La troisième caractéristique dont Jésus parle dans les paraboles du
serviteur est la bonté: "Très bien, serviteur bon et fidèle... entre dans la
joie de ton maître" (Mt 25, 21.23). Ce que l'on entend par la caractéristique de
la "bonté" peut nous devenir clair, si nous pensons à la rencontre de Jésus
avec le jeune homme riche. Cet homme s'était adressé à Jésus en l'appelant:
"Bon Maître" et il reçut une réponse surprenante: "Pourquoi m'appelles-tu bon?
Personne n'est bon, sinon Dieu seul" (Mc 10, 17sq). Seul Dieu est bon au sens
plénier. Il est le Bien, le Bon par excellence, la Bonté en personne. Chez une
créature - chez l'homme - être bon se fonde donc nécessairement sur une profonde
orientation intérieure vers Dieu. La bonté s'accroît avec l'union intérieure au
Dieu vivant. La bonté présuppose surtout une communion vivante avec le Bon Dieu,
une union intérieure croissante avec Lui. Et de fait: de qui d'autre
pourrait-on apprendre la véritable bonté sinon de Celui qui nous a aimés jusqu'à
la fin, jusqu'au bout (cf. Jn 13, 1)? Nous devenons des serviteurs bons à
travers notre rapport vivant avec Jésus Christ. C'est seulement si notre vie se
déroule dans le dialogue avec Lui, seulement si son être, ses caractéristiques
pénètrent en nous et nous façonnent, que nous pouvons devenir des serviteurs
vraiment bons.
Dans le calendrier de l'Eglise, on rappelle aujourd'hui le Nom de Marie. En Elle
qui était et est totalement unie à son Fils, au Christ, les hommes dans les
ténèbres et les souffrances de ce monde ont trouvé le visage de la Mère, qui
nous donne du courage pour aller de l'avant. Dans la tradition occidentale, le
nom de "Marie" a été traduit comme "Etoile de la Mer". Cette expérience s'exprime
précisément en cela: combien de fois l'histoire dans laquelle nous vivons
apparaît comme une mer sombre qui frappe de manière menaçante, avec ses vagues,
la barque de notre vie.
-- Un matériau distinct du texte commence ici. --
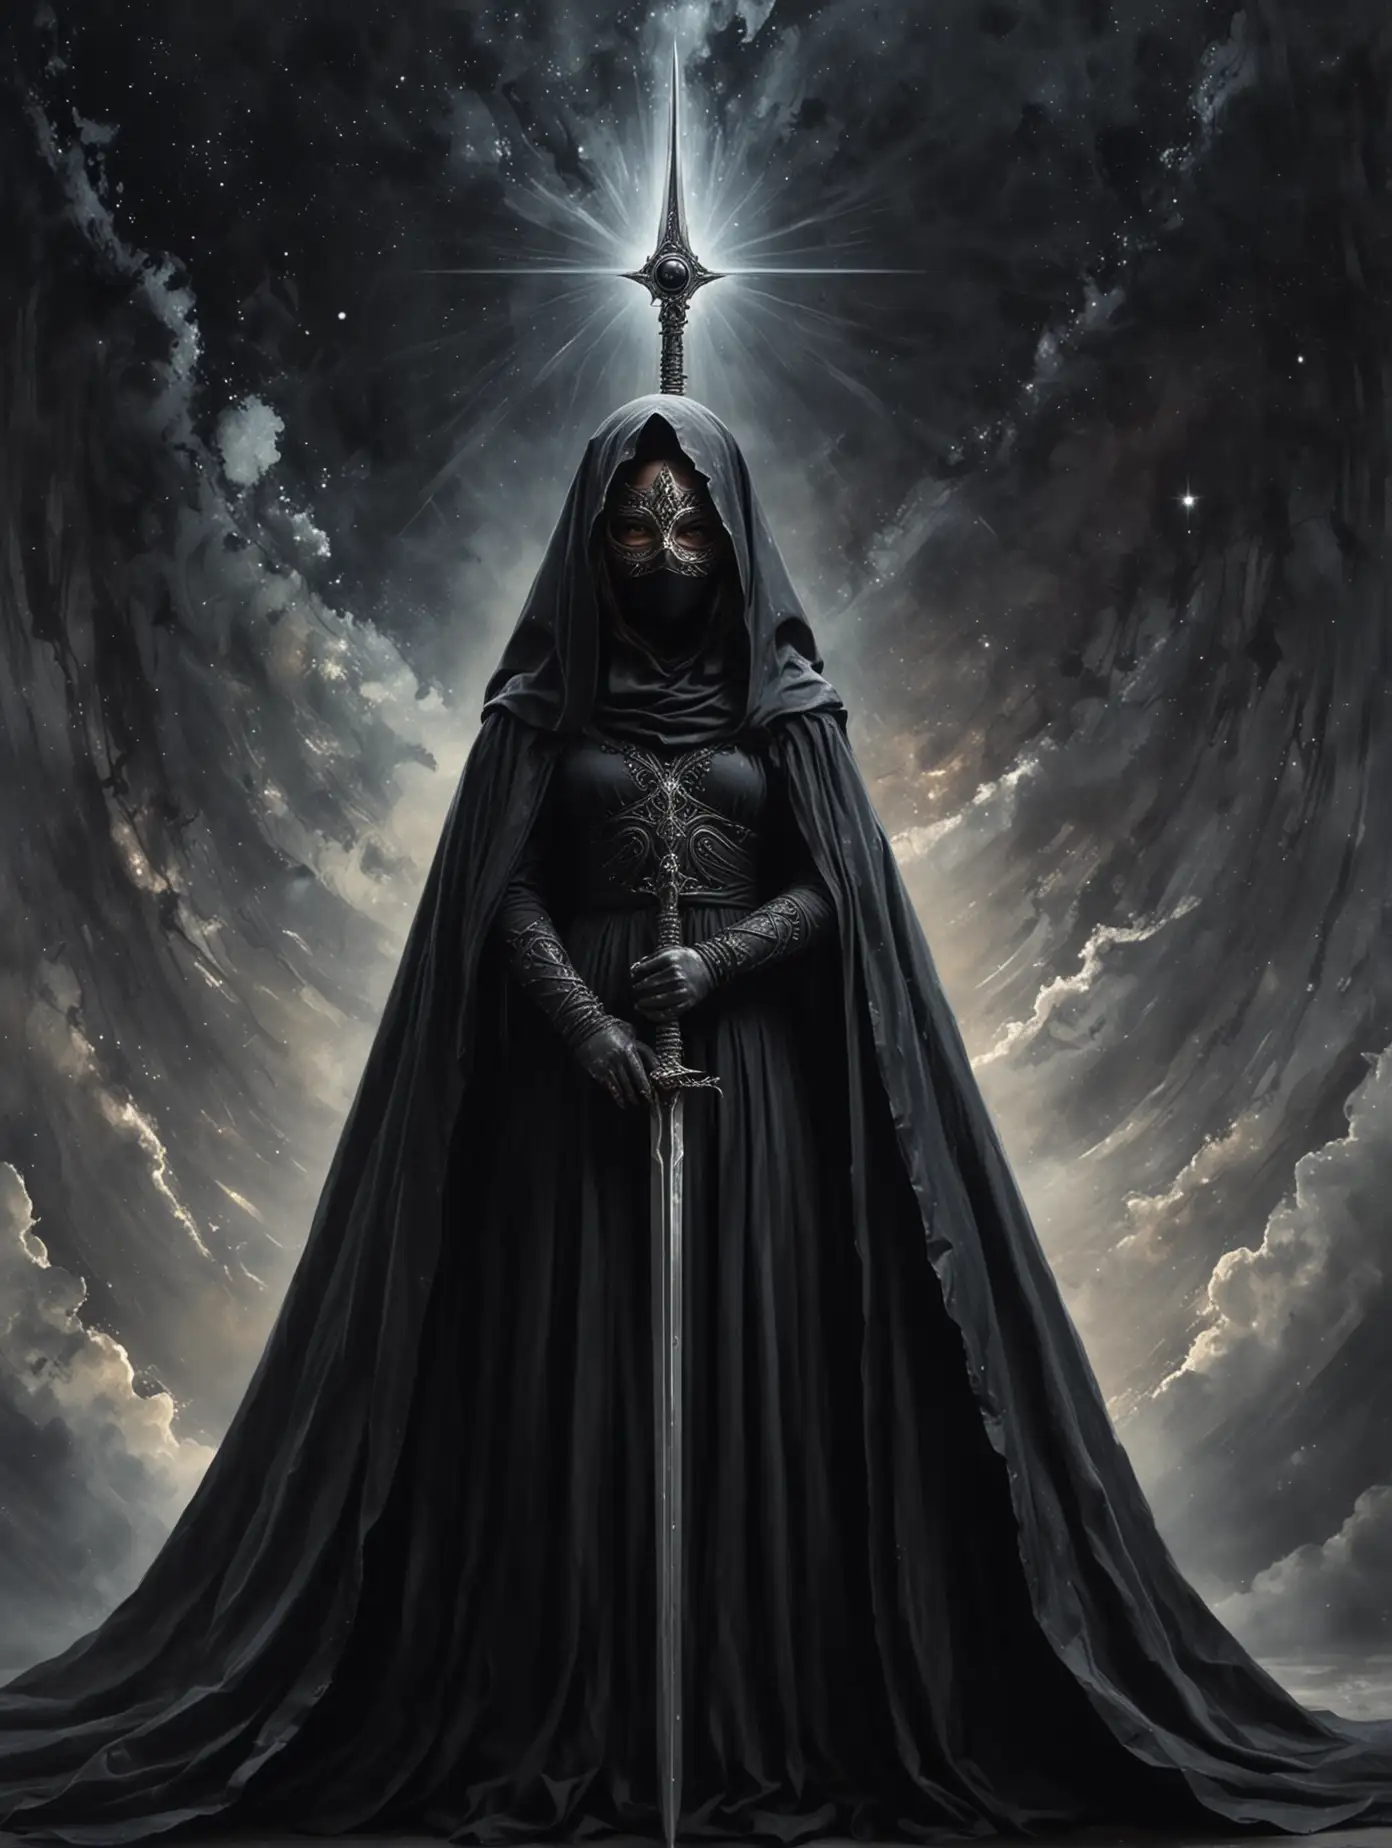 Sister-Geserit-Confronts-the-Abyss-Enigmatic-Figure-with-Cosmic-Sword

Parfois, la nuit semble impénétrable. On peut souvent
avoir l'impression que seul le mal possède du pouvoir et que Dieu est infiniment
loin. Souvent nous n'entrevoyons que de loin la grande Lumière, Jésus Christ qui
a vaincu la mort et le mal. Mais nous voyons alors très proche la lumière qui
s'allume, lorsque Marie dit: "Voilà, je suis la servante du Seigneur". Nous
voyons la lumière claire de la bonté qui émane d'Elle. Dans la bonté avec
laquelle Elle a accueilli et vient toujours à nouveau à la rencontre des grandes
et des petites aspirations de nombreux hommes, nous reconnaissons de manière
très humaine la bonté de Dieu lui-même. Avec sa bonté, il apporte toujours à
nouveau Jésus Christ, et ainsi la grande Lumière de Dieu, dans le monde. Il nous
a donné sa Mère comme notre Mère, afin que nous apprenions d'Elle à prononcer le
"oui" qui nous fait devenir bons.
Chers amis, en cette heure, nous prions pour vous la Mère du Seigneur, pour qu'elle
vous conduise toujours vers son Fils, source de toute bonté. Et nous prions pour
que vous deveniez des serviteurs fidèles, prudents et bons et que vous puissiez
ainsi un jour entendre du Seigneur de l'histoire la parole: Serviteur bon et
fidèle, entre dans la joie de ton maître. Amen.